Angular momentum quantum mechanics operator In classical mechanics the angular momentum is given as $\bf L = r \times p$ and when going  to quantum mechanics you replace $\bf r$ and $\bf p$ by their respective quantum operators, namely $\bf \hat{r} = r$ and ${\bf \hat{p}} = -i \hbar \bf{\nabla}$, that is $${\bf \hat{L}}= -i \hbar {\bf r} \times \nabla.\tag{1}$$ Shouldn't one use a symmetrised form for $\bf\hat{L}$, i.e. $${ {\bf \hat{L}} = -i \hbar \frac{1}{2} (\ \bf r \times \nabla  - \nabla \times r )}?\tag{2}$$
 A: No, because by definition of the vector product, it is antisymmetric and thus your definition of L would be 2 times the "normal" L. (check it by computing each component!)
L is defined by the correspondance principle (+ its commutation relations).

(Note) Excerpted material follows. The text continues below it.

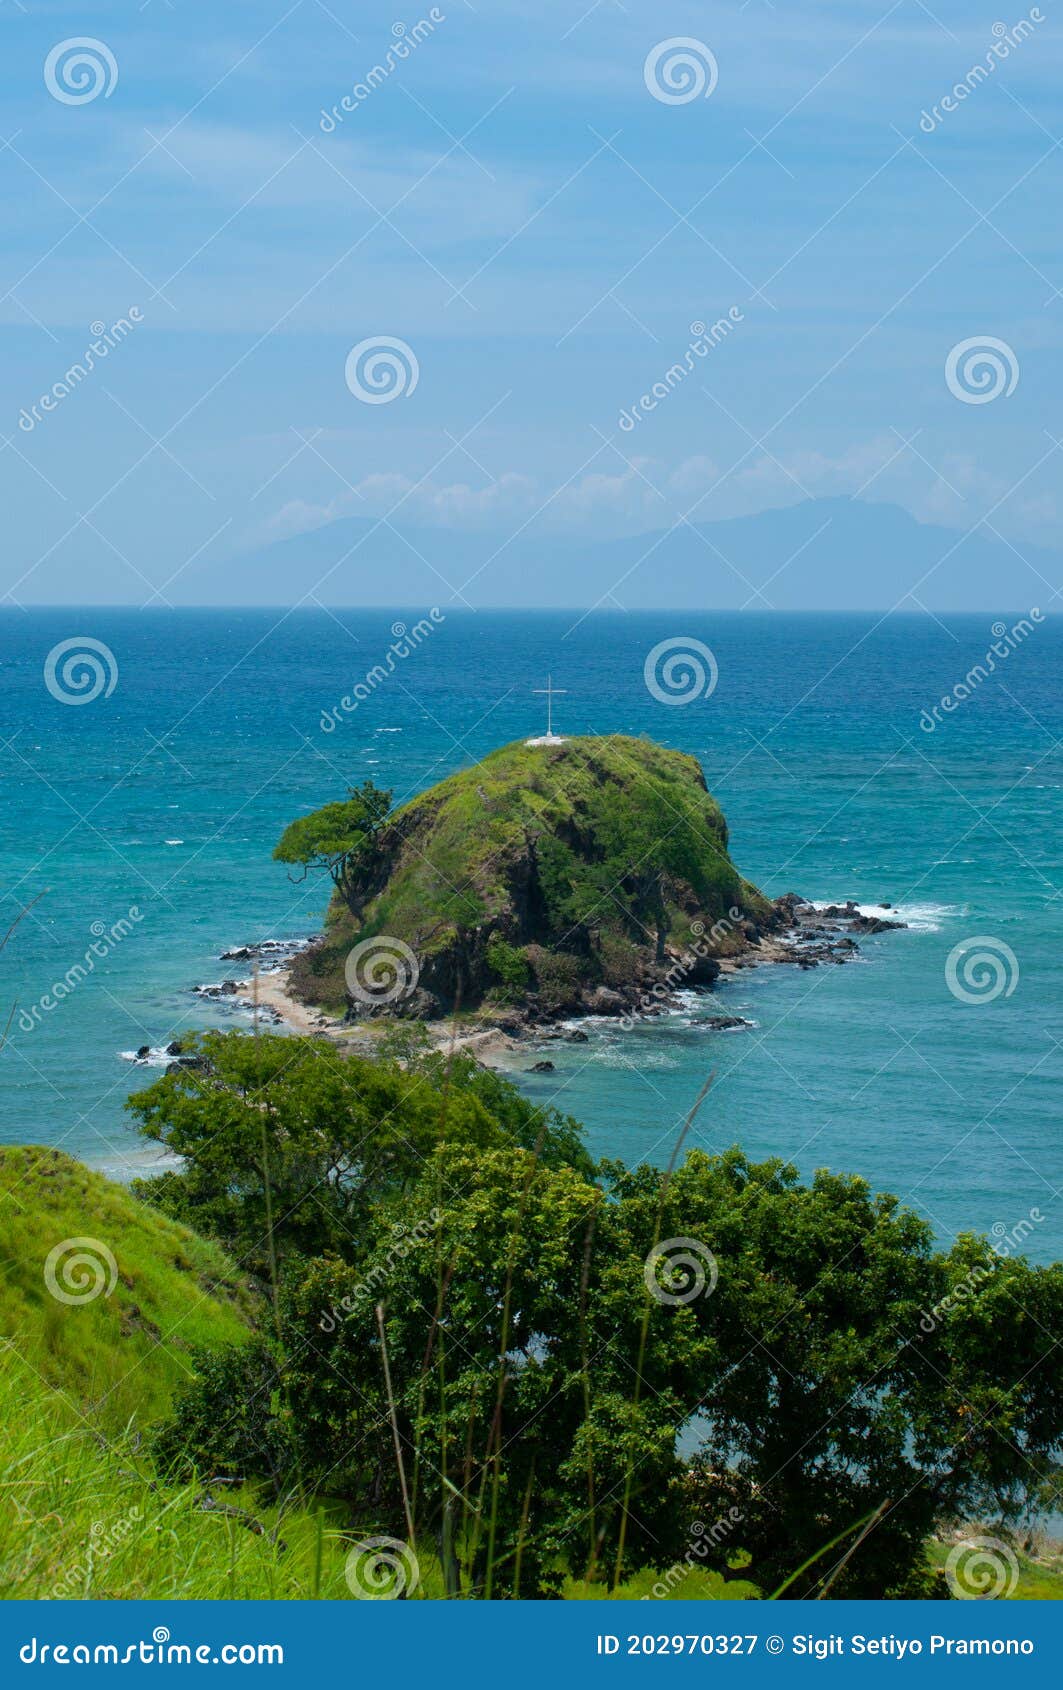 a beautiful small island in manatuto timor leste

A: To give an explicit answer with a calculation, consider the product: $$\vec{r}\times\nabla=\hat{i}(y\partial_z-z\partial_y)+\hat{j}(z\partial_x-x\partial_z)+\hat{k}(x\partial_y-y\partial_x)$$
Notice that since $[r_i,\partial_j]=0$ for $i\neq j$, you can rewrite this: $$\vec{r}\times\nabla=\hat{i}(\partial_zy-\partial_yz)+\hat{j}(\partial_xz-\partial_zx)+\hat{k}(\partial_yx-\partial_xy) = -\nabla\times\vec{r}$$
So that finally: $$-i\hbar\vec{r}\times\nabla = -i\hbar\frac{1}{2}(\vec{r}\times\nabla-\nabla\times\vec{r})$$
So the two operators are actually the same.  
A: No, because when expanding $L_k$ you see that only components $X_k$ and $P_h$ with $h \neq k$ enter the formula, and they commute. So you can safely use the classical definition also in QM and the symmetrised formula would produce the same result.

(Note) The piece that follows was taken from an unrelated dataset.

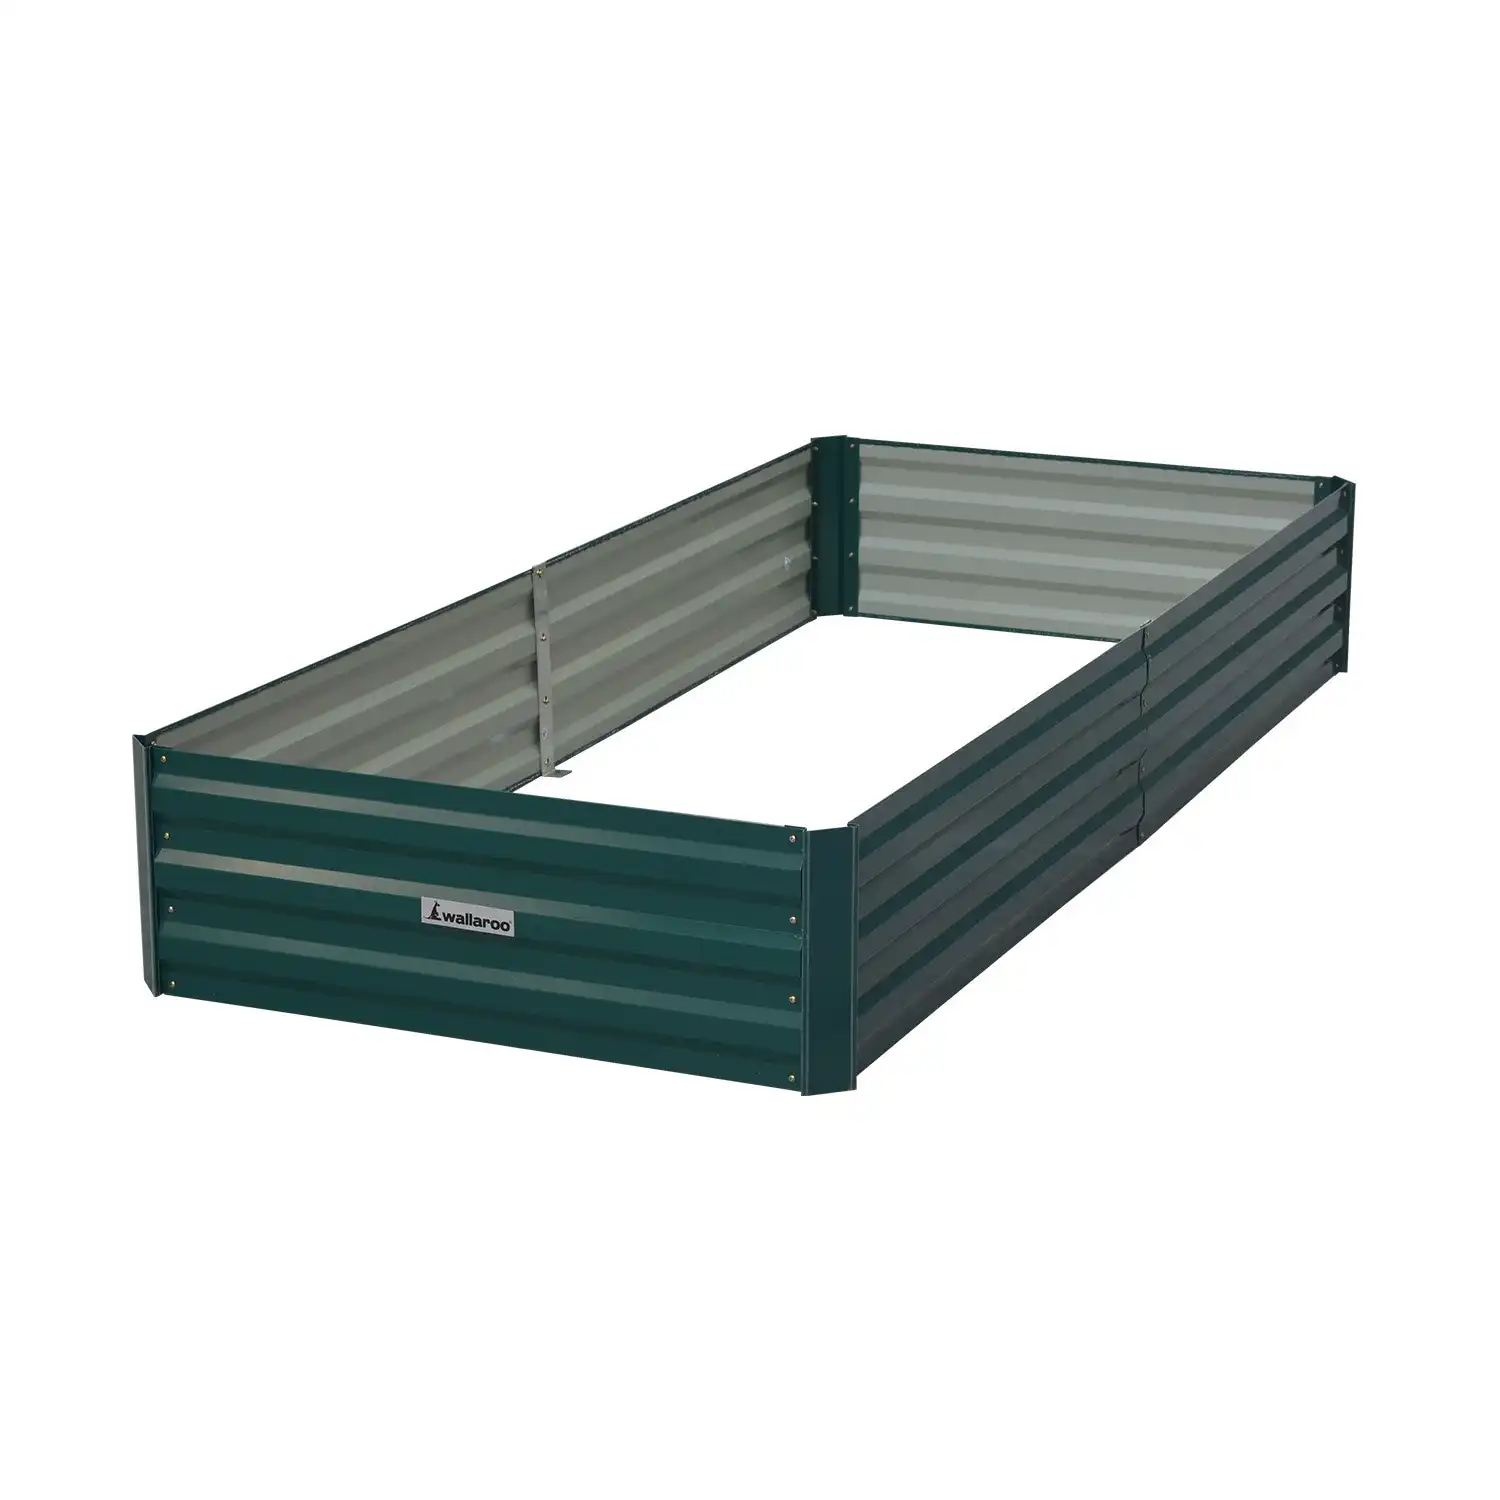 Wallaroo 210 x 90 x 30cm Galvanized Steel Garden Bed - Green

A: The canonical commutation relations (CCR) are $$[X_i, P_j] = i\hbar \delta_{ij}$$ so for example $X$ commutes with $P_Y$ and $P_Z$.
When expanding the cross product, its components are $$ L_k = \epsilon_{ijk} X_i P_j$$ but notice the Levi-Civita symbol vanishes when two indices are equal. Hence you never have terms $X_i P_i$, so you are never actually multiplying observables that do not commute.
Hence no need to symmetrize.